* The task *
Make an exact transcript of the lines in the data below, starting with the one containing "best stayclassy images" and going on through the one containing "Hostel NABLA", with both included and the pictures left out.

* The data *
+ + + +

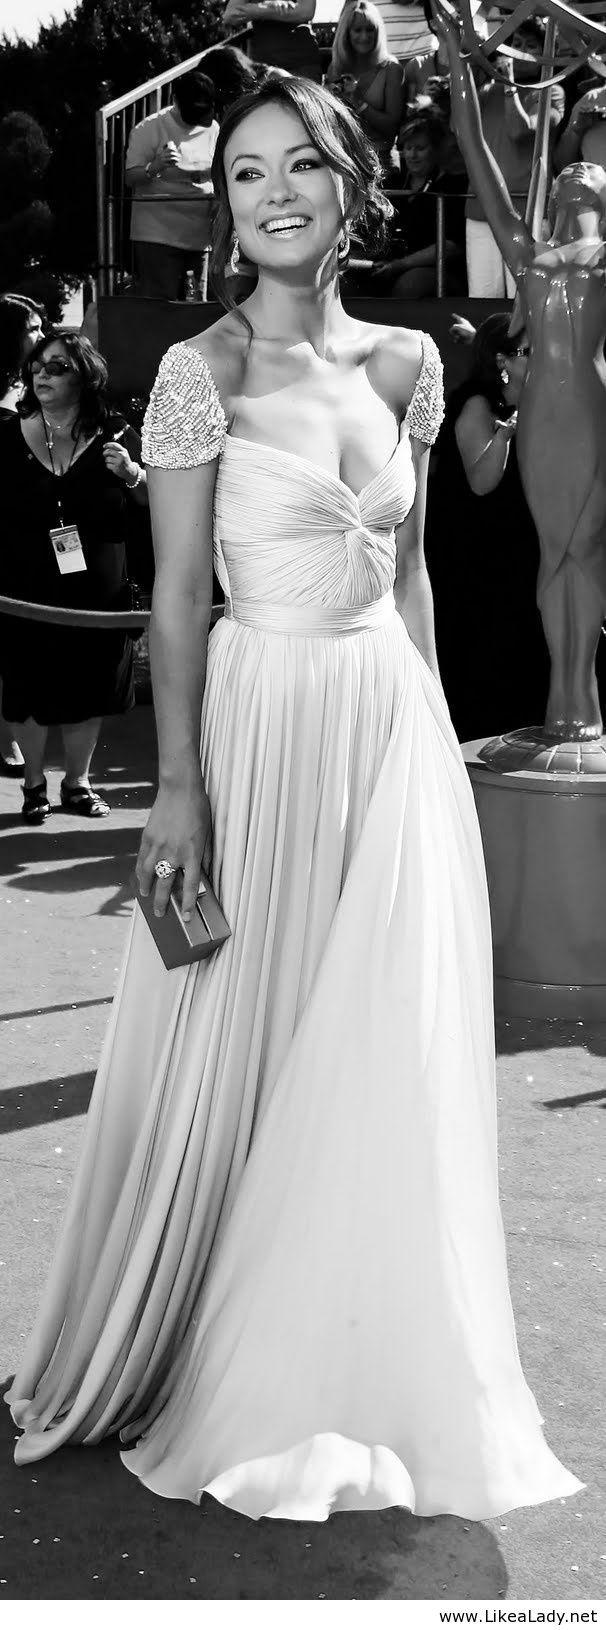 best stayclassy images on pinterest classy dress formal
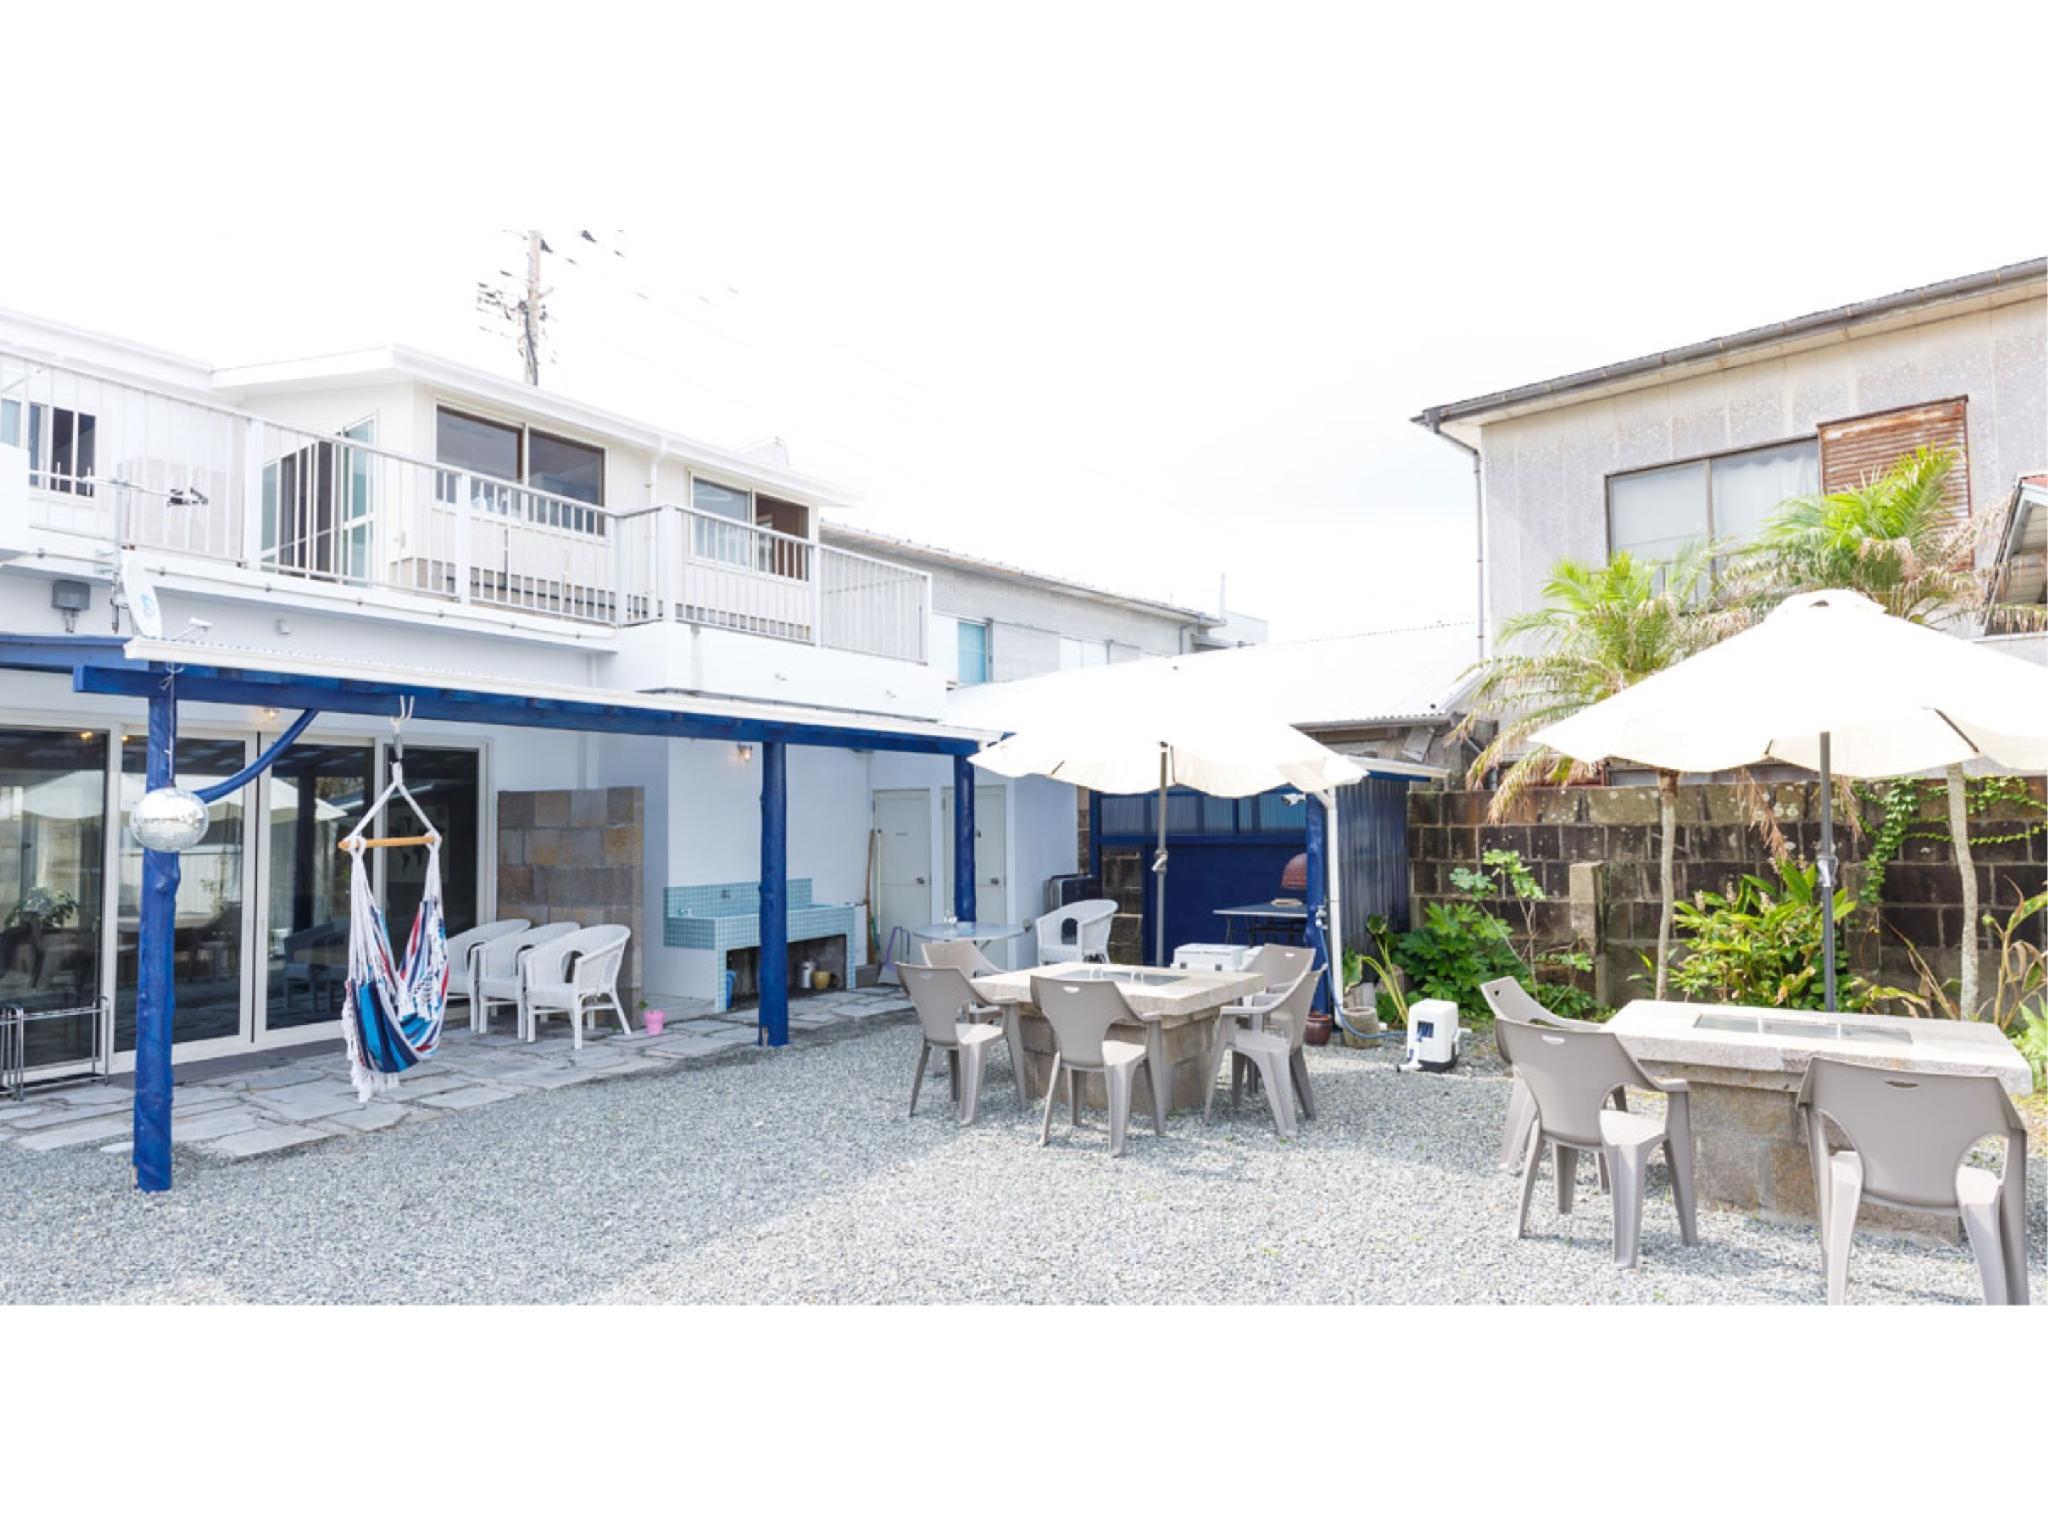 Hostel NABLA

+ + + +

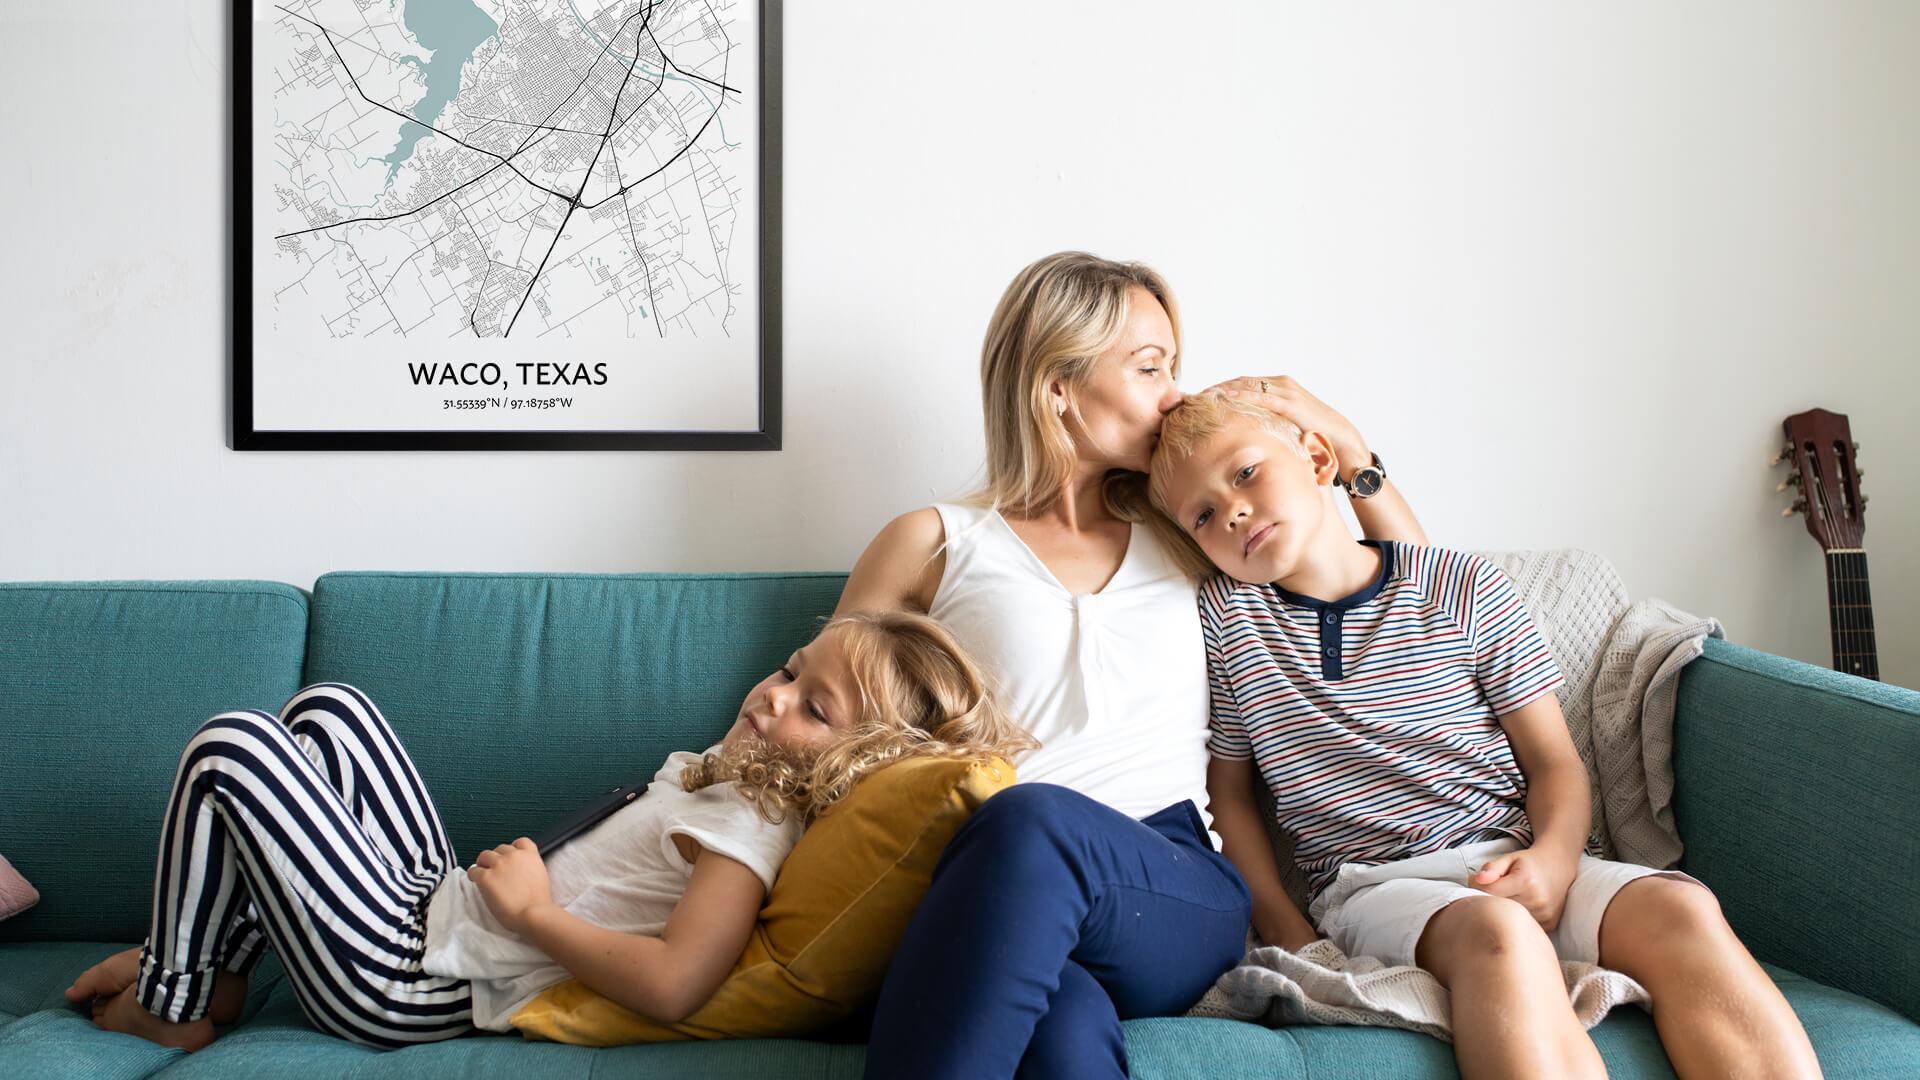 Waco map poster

+ + + +

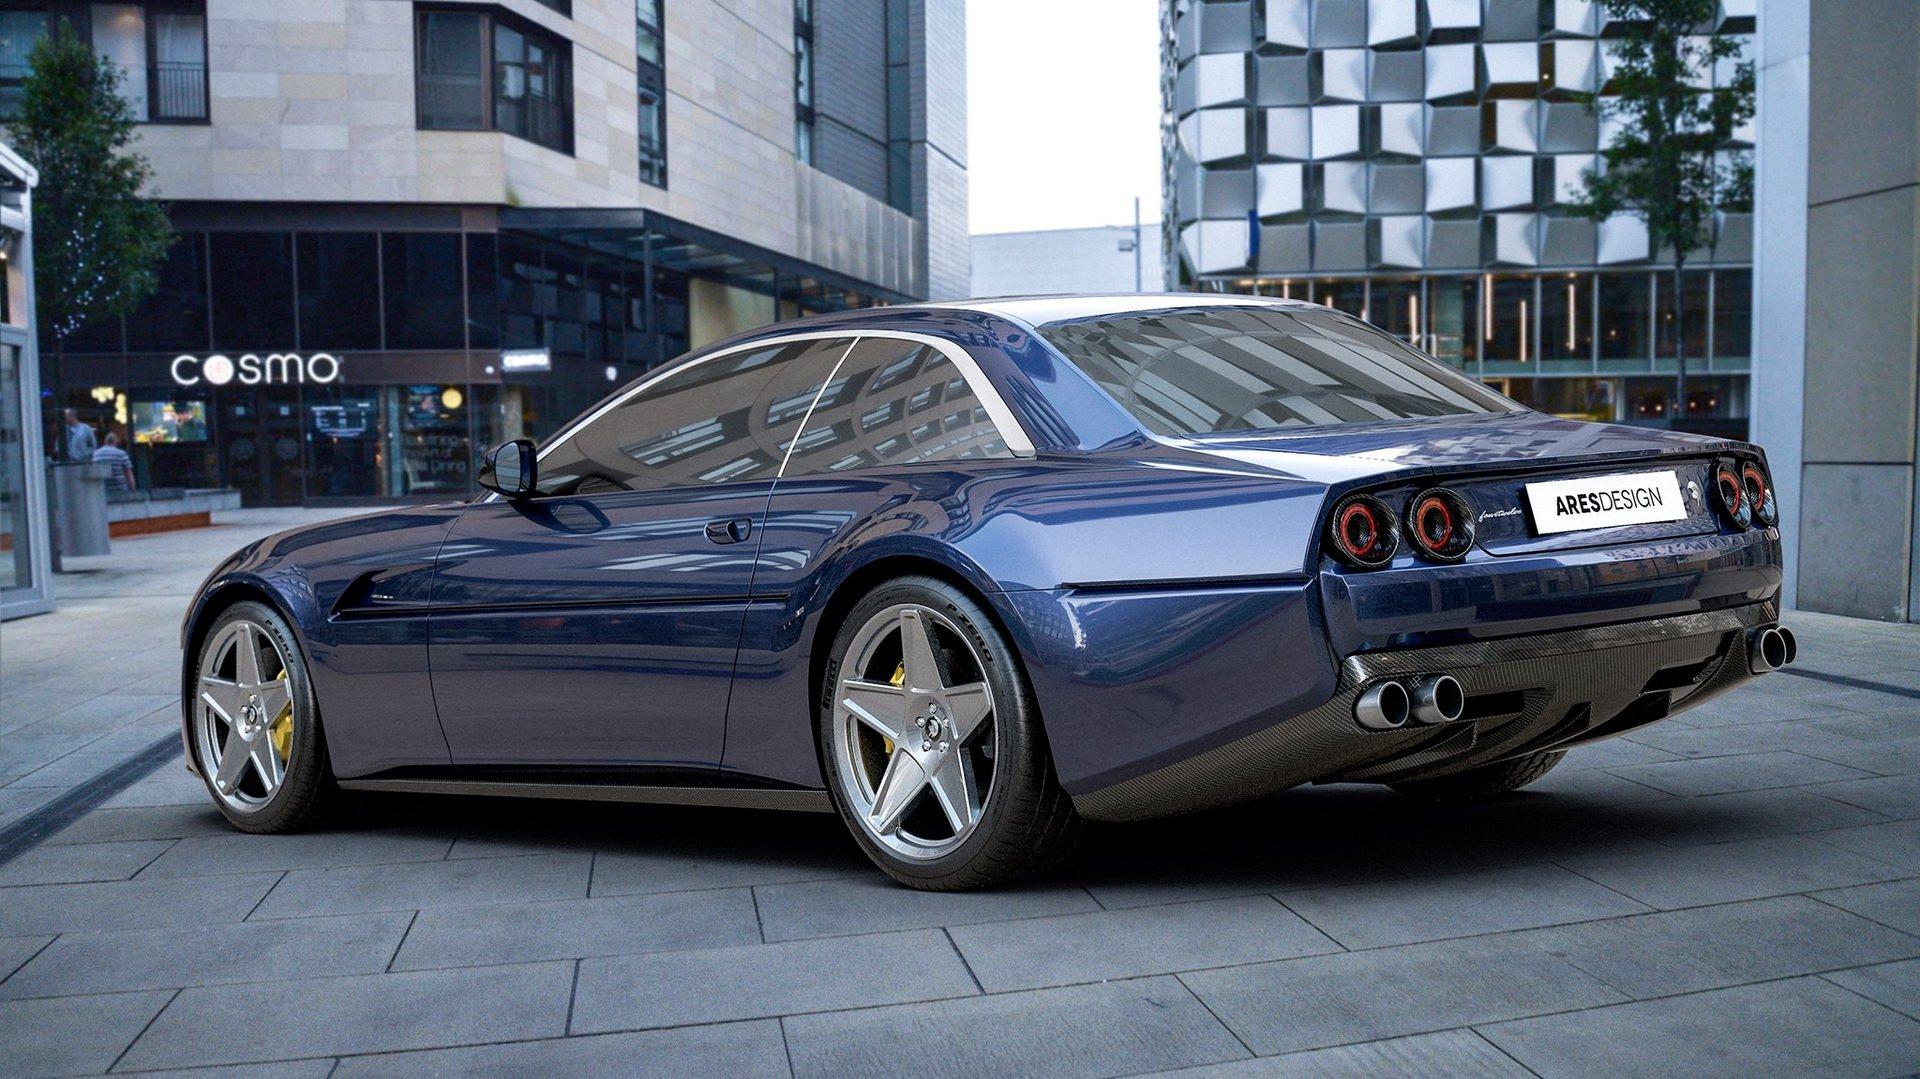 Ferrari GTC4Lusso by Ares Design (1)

+ + + +

* Answer to the exercise *
 best stayclassy images on pinterest classy dress formal
 Hostel NABLA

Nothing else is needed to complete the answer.